The Ahmed Kathrada Foundation calls on leaders from all sectors of society to publicly condemn the recent xenophobic incidents and rally their constituencies against anti-foreigner sentiment.

The Foundation expressed concern over the attacks that have occurred in the Tshwane and Johannesburg South regions, as well as the overt expressions of xenophobic sentiment.

The Foundation’s Director, Neeshan Balton, said that it was “deeply worrying” that in democratic South Africa, a march against foreigners was being organised. “Lawyers for Human Rights has called for a boycott of the march. We echo this call and reiterate that leaders from all sectors of society must do whatever is possible to quell the outpouring of xenophobic sentiment. Furthermore, government must employ all efforts to stem violence, including heightening police presence in xenophobia hotspots.”

“It is nothing short of a tragedy that South Africa has failed, since 2008, to deal with xenophobia decisively. Thus far, we have addressed the issue reactively. It has become almost normal to have foreign owned shops periodically looted, and for physical violence to be meted out against foreign nationals before measures are put in place.

“This time, xenophobia has also resulted in attacks on homes of foreigners perceived to be involved in crime. Anti-xenophobic sentiment and action appears to be more orchestrated and if left unchecked, can spiral out of control,” Balton said.

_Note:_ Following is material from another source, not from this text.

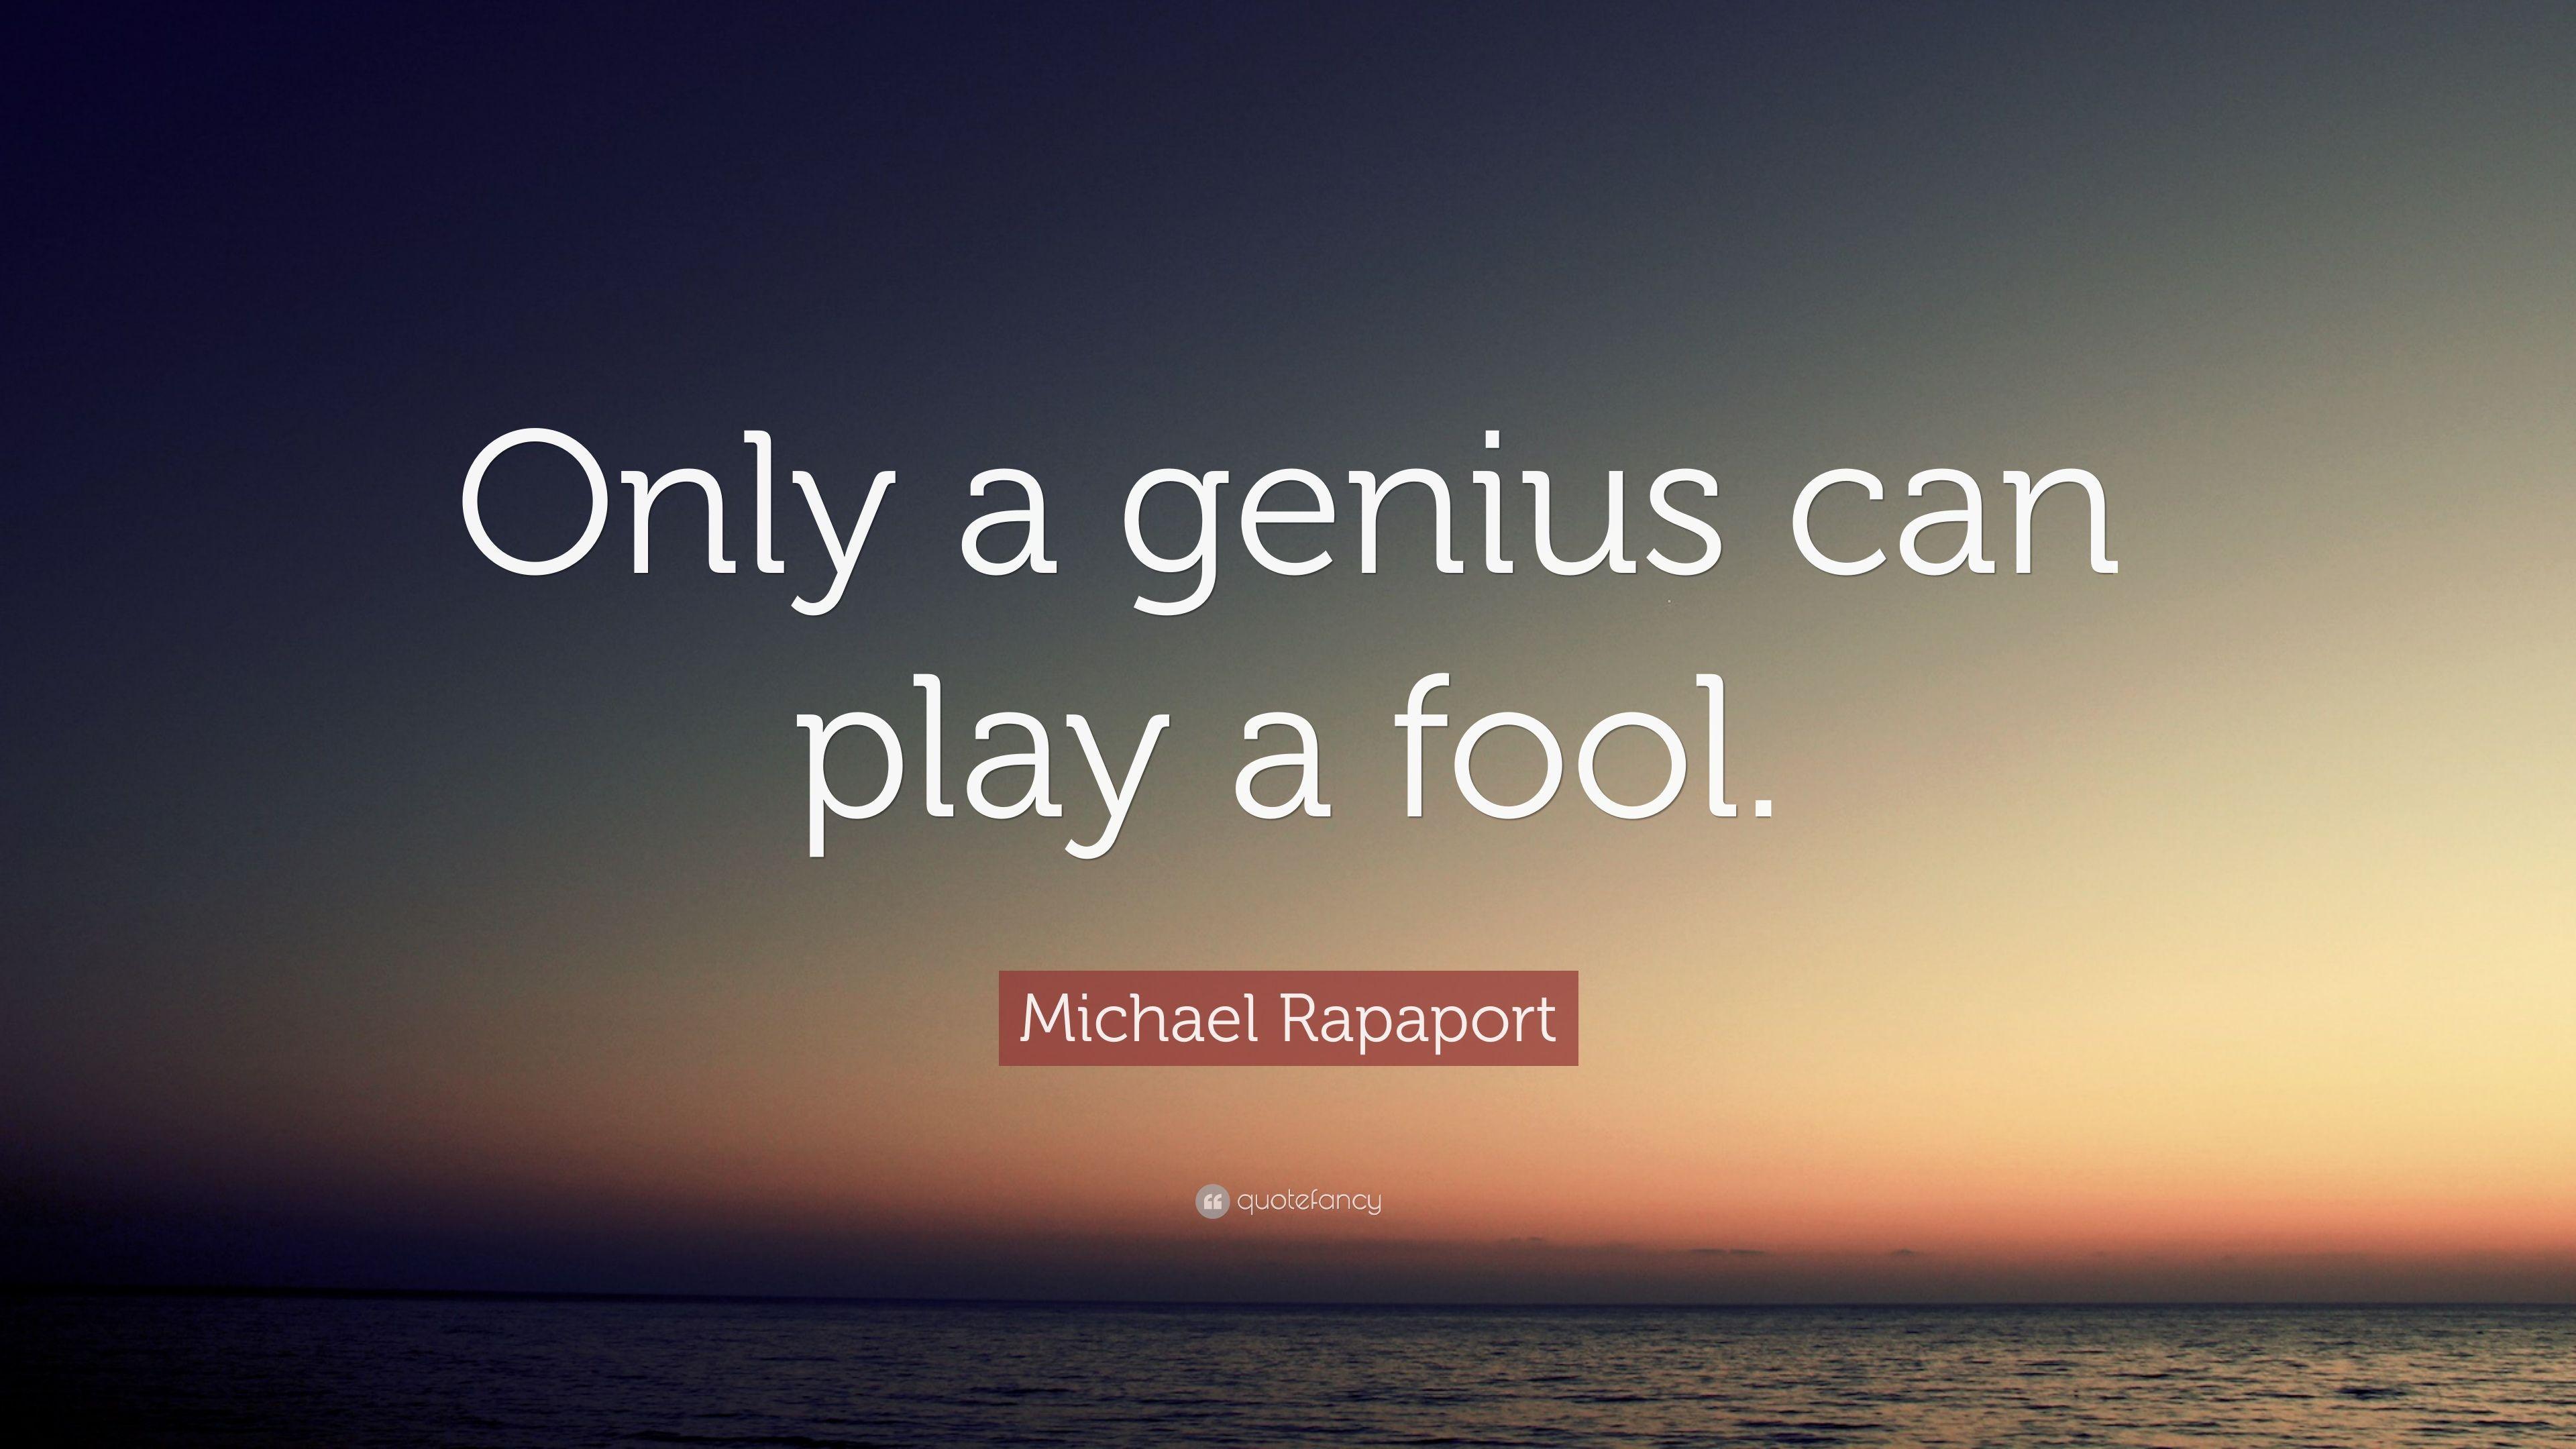 Michael Rapaport Quote: “Only a genius can play a fool.” 10
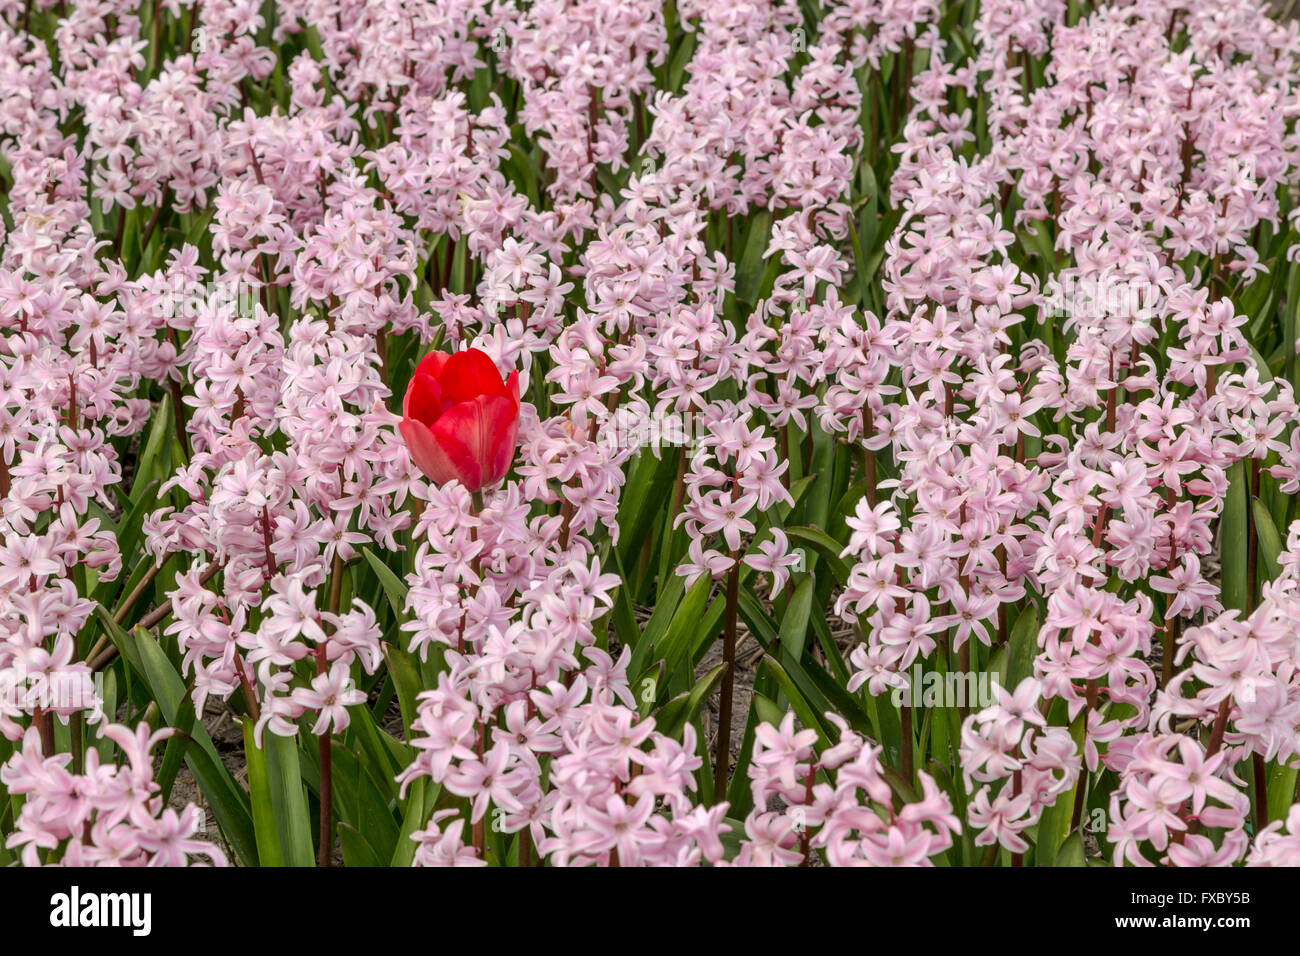 Spring time in he Netherlands: Odd one out- One red tulip flowering between pink hyacinths, Hillegom, South Holland. Stock Photo

Balton highlighted three key issues that fuel xenophobic tendencies:

  • “Poor leadership – Trump’s election win has certainly given rise to right-wing, fascist mentality globally, but we need to question who are our own ‘local Trumps’ that have ensured that xenophobic rhetoric becomes mainstream. We must look back to certain incidents in which leaders have made statements peppered with anti-foreigner sentiment. If leaders are not rebuked for xenophobic talk, then we should not be surprised that citizens feel emboldened to propagate such views. A 2016 panel discussion at the United Nations concluded that anti-racist legislation could be used as a mechanism to break the political careers of leaders who propagate hatred, as well as to curb the rise of extremist parties. South Africa should not be immune to the idea of stringent action being taken against leaders who propagate xenophobic views.
  • “A failing criminal justice system – A crumbling centre of power and climate of instability fuels the problem. This is of particular concern for the criminal justice system, which because of internal political wrangling, has been at war with itself. Instead of focussing energy on fighting crime, law enforcement agencies have been used to protect corrupt officials instead. The failures of the criminal justice system only reinforce the notion that mob justice is ‘acceptable’, resulting in illegal attacks on foreigners based on perceived notions about criminality. In recent days, we have witnessed how mobs have become judge, jury and executioner.
  • “Prejudice against anyone deemed to be the ‘other’ – Today, foreigners are seen as the ‘other’. Tomorrow, it will be Venda people, or Indian people, or Xhosa people, and so on, until there is no one left to blame for South Africa’s woes. Stereotypical views and myths that associate particular crimes to an entire nationality must constantly be challenged.”

Citizens must support #NoToXenophobia campaigns

Balton stated that ‘dinner-table’ xenophobia must be tackled. “Discriminatory views often find their way very casually to the dinner table,” he said. “By calling out stereotypical generalisations, or pointing to facts, xenophobic arguments can often be countered. Take for example the false notion that foreigners alone are the main perpetrators of crime. Statistics compiled by the Institute for Criminal Policy Research in 2015 show that foreigners only make up 6.3 percent of those incarcerated in South Africa’s jails. Surely, this would mean that there are thousands of South Africans who are guilty of all kinds of criminal activity.”

He added, “South Africans should be championing #NoToXenophobia campaigns, rather than leaving it up to foreign nationals to take up the cause. It is the least that individuals can do to help ensure that progressive ideals remain mainstream in a bid to counter the xenophobic narrative.”

Balton however, indicated that long-term solutions are essential. “We require concentrated national effort to tackle perceptions underlying xenophobia. Just as there is a National Action Plan to tackle racism, similar plans should be developed to combat xenophobia.”